Nucleic Acids Database Entries:
These retrieve entries from the
Nucleic Acids Database
(NDB),
which contains coordinates, images, and experimental information about
nucleic acid structures.
Protein Motions Database Entries:
These retrieve entries from the
Macromolecular Motions Database,
which contains a classification of proteins which have internal
movements, as well as descriptive text, images, and animations.
Scop Cross-References:
When a single PDB
entry is divided into different folds, these icons
provide links to the locations, in SCOP,
of other regions of the
PDB entry.
SCOP contains the domains of all PDB entries available at the time of the current release's construction. For each of these entries a coordinate file is available and can be displayed via the various graphical interfaces. The sequence of each protein chain has also been extracted.
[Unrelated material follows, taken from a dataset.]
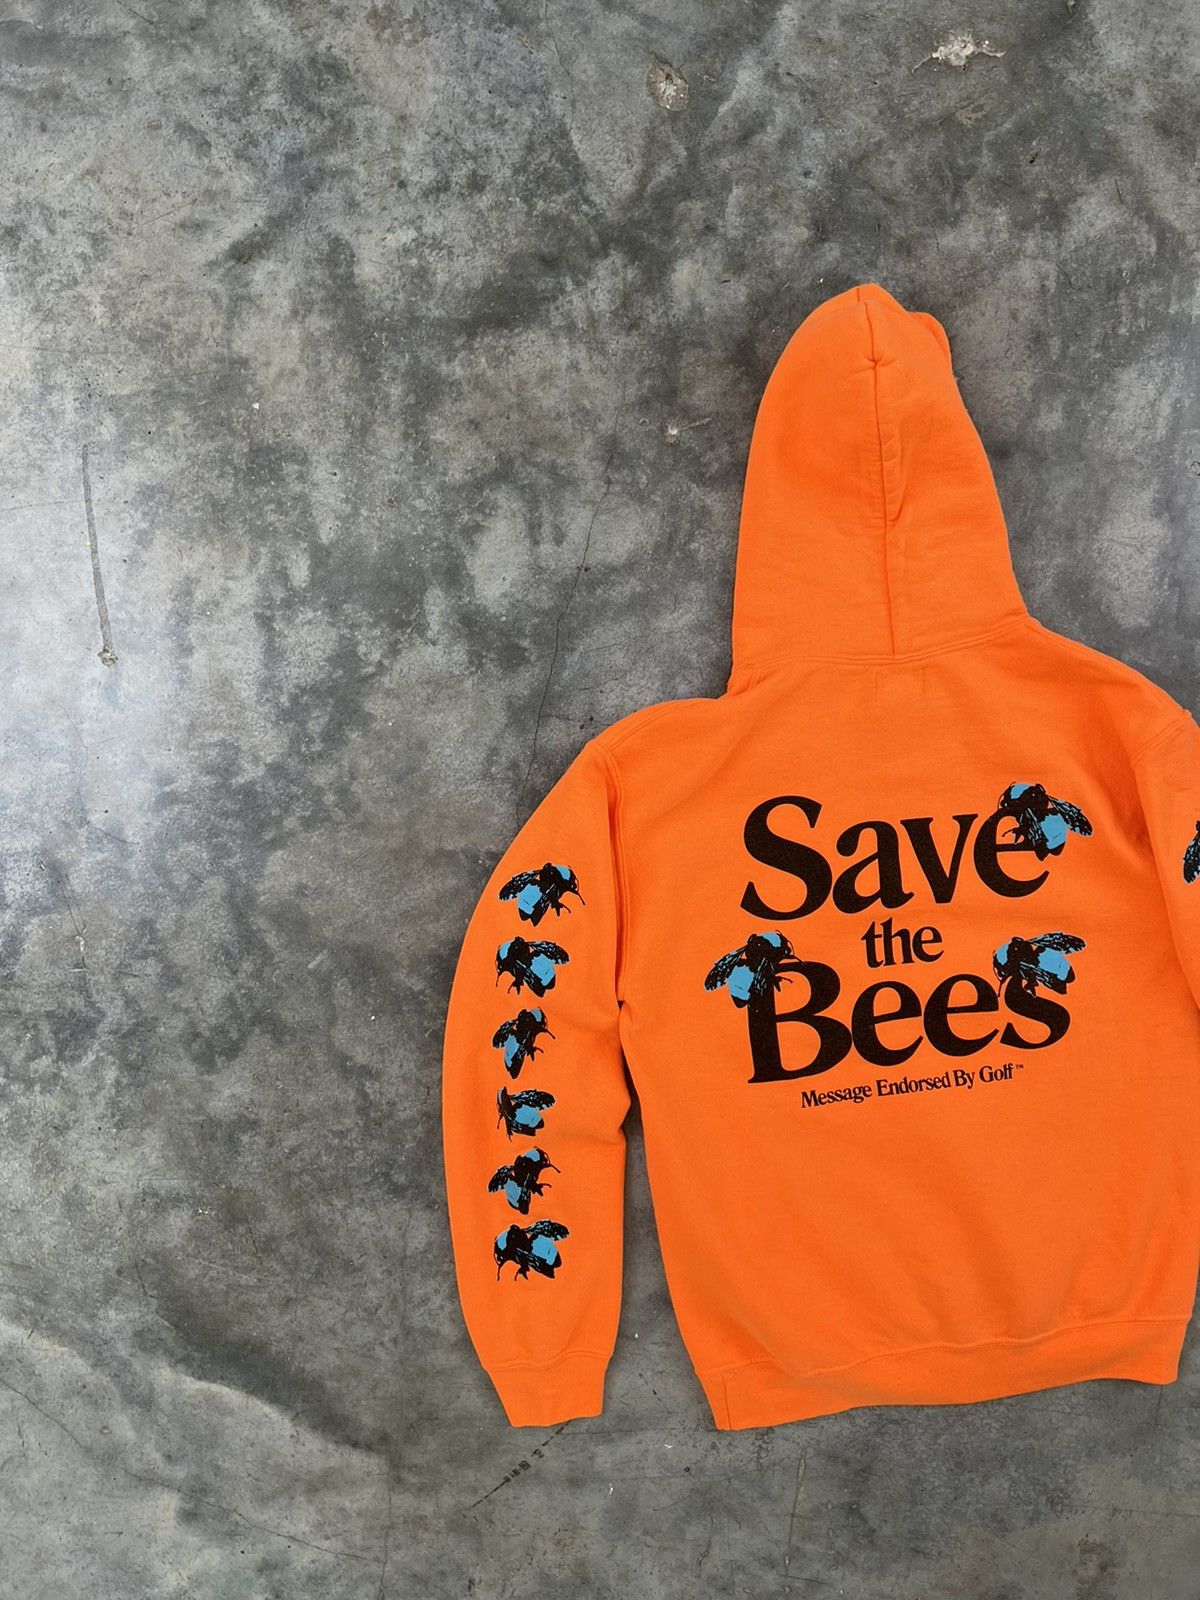 Golf Wang Golf Wang Save The Bees Neon Orange Hoodie Sz. Small Size US S / EU 44-46 / 1 - 2 Preview

The release also contains many literature references. These are structures that have been published in sufficient detail to be classified in SCOP, but where the coordinates are not yet available from PDB. Whereas PDB entries are identified by a 4 letter code starting with a digit, these literature entries have been given 4 letter codes starting with the letter s followed by 3 digits, e.g. s149. This code is arbitrary and may change between releases. Entries included in SCOP in this way tend only to be those structures that are significantly different from any structure already in PDB.
In the absence of a PDB header, a pseudo header file has been constructed. These header files contain the reference; the SWISSPROT identifier for the sequence; the fragment of the sequence for which structural information exists (where known) and the domain classification of each part of this sequence fragment in SCOP. (Note that occassionally some of this information is incomplete where there was insufficient information about the sequence in the orginal reference.)
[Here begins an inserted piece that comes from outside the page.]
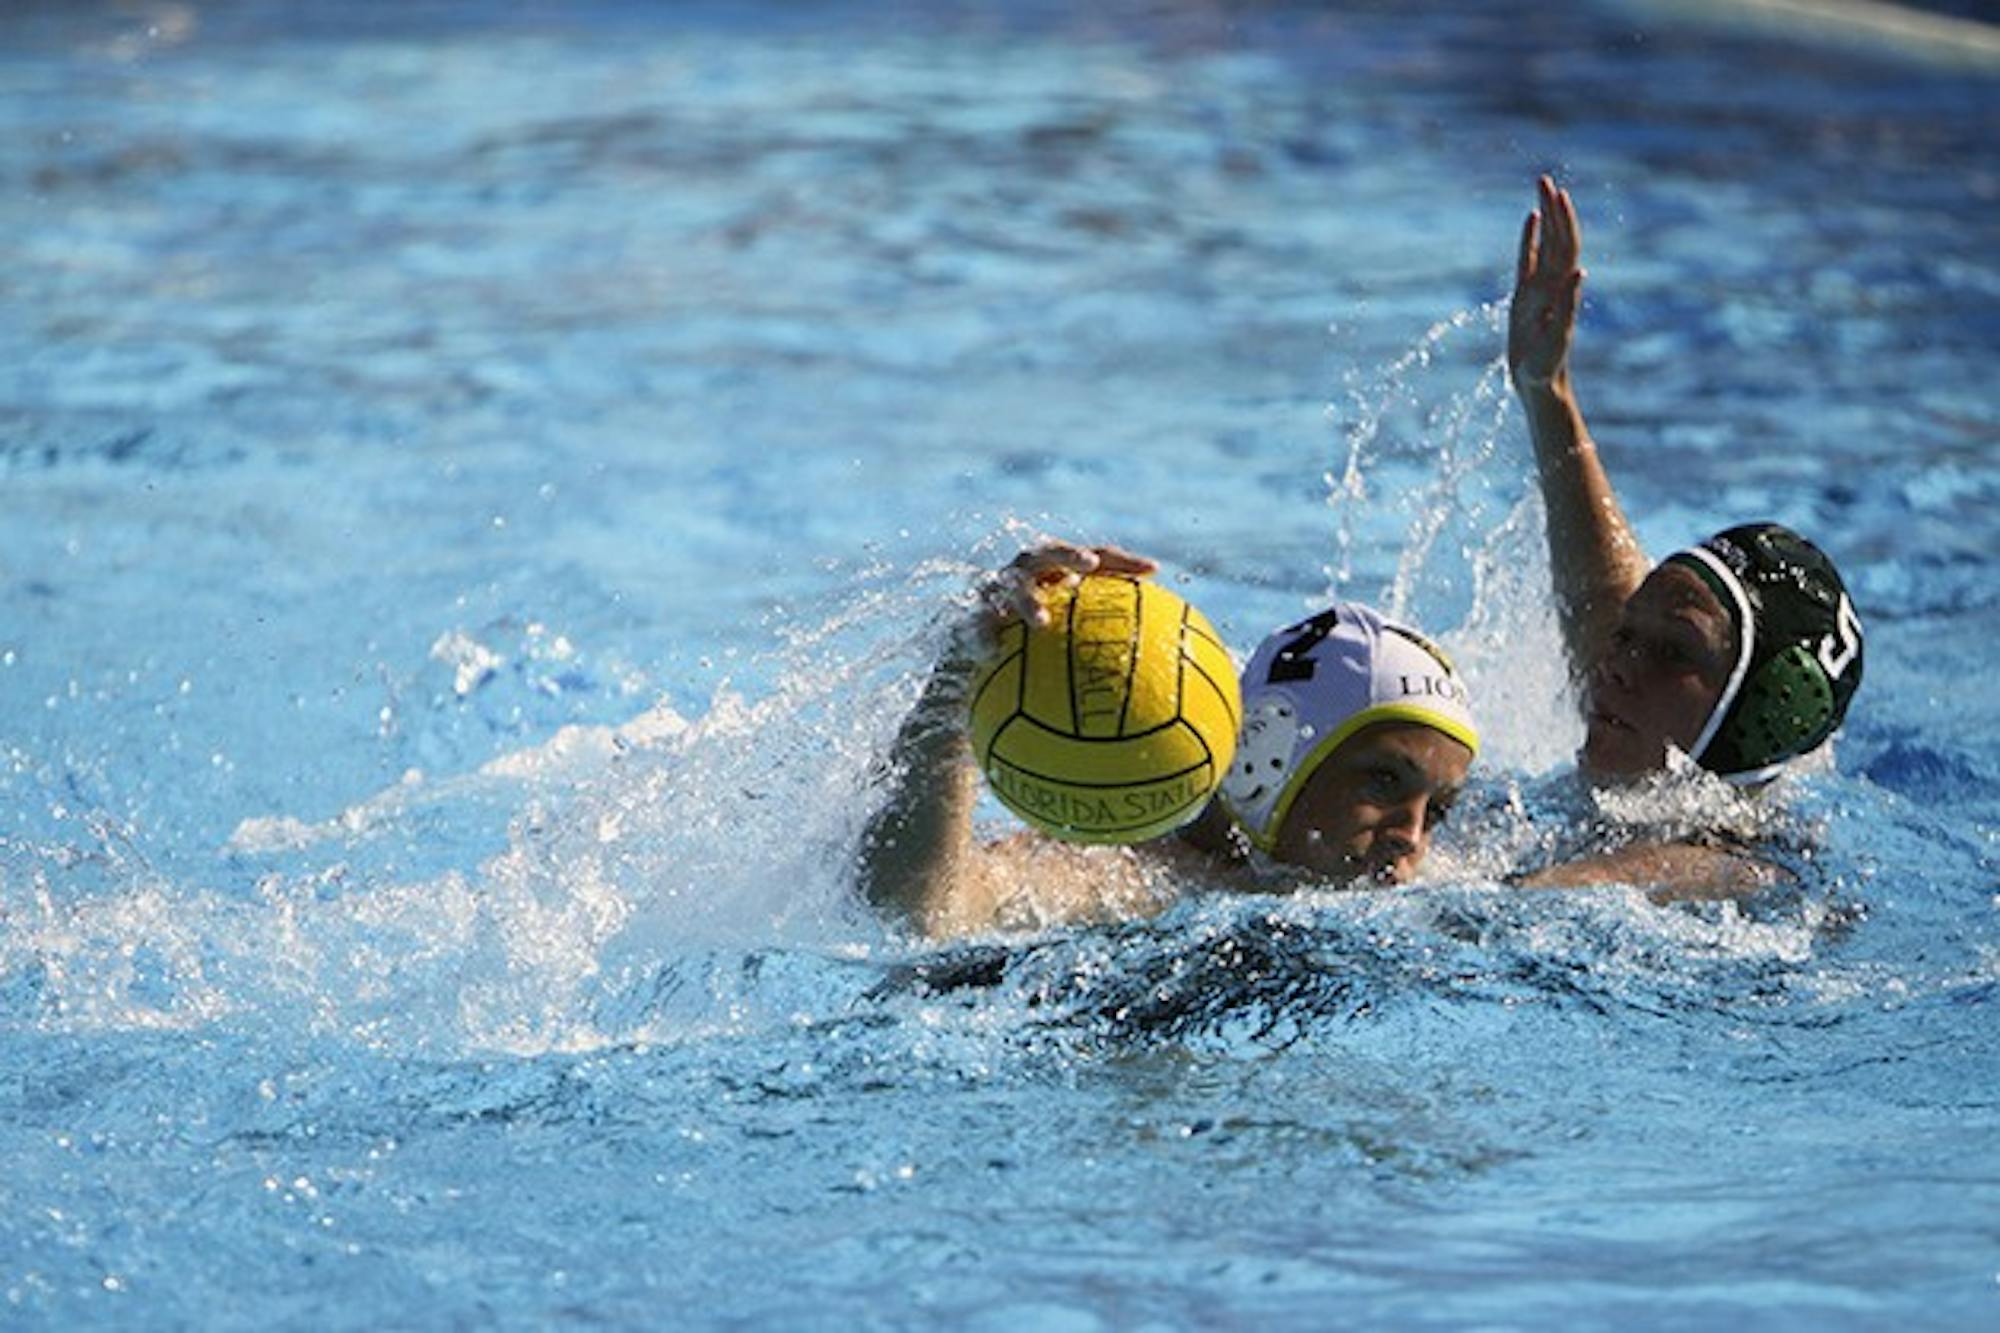 Lisa Rennels '14 defends Lindenwood University's Meghann Kopecky in the women's club water polo's game on Sunday.

The filenames for the SCOP HTML database are currently arbitrary and subject to frequent change. Therefore, external users should not make links directly to files in the database. Rather, they should link a search engine (such as the one at http:search.cgi). The fields which you can set are:
Note:The linking facilities of SCOP continue to be under active development, and soon the above features may be supplanted (but will not immediately disappear).
Because much of the information on these pages is in graphical form, we highly recommend users turn on image loading. The total size of all the icons used is only a fraction of even the smallest pages, so transfer time should be minimal. Moreover, the same images are used on all pages, so there will be no need to "reload" any of these pictures as you continue browsing.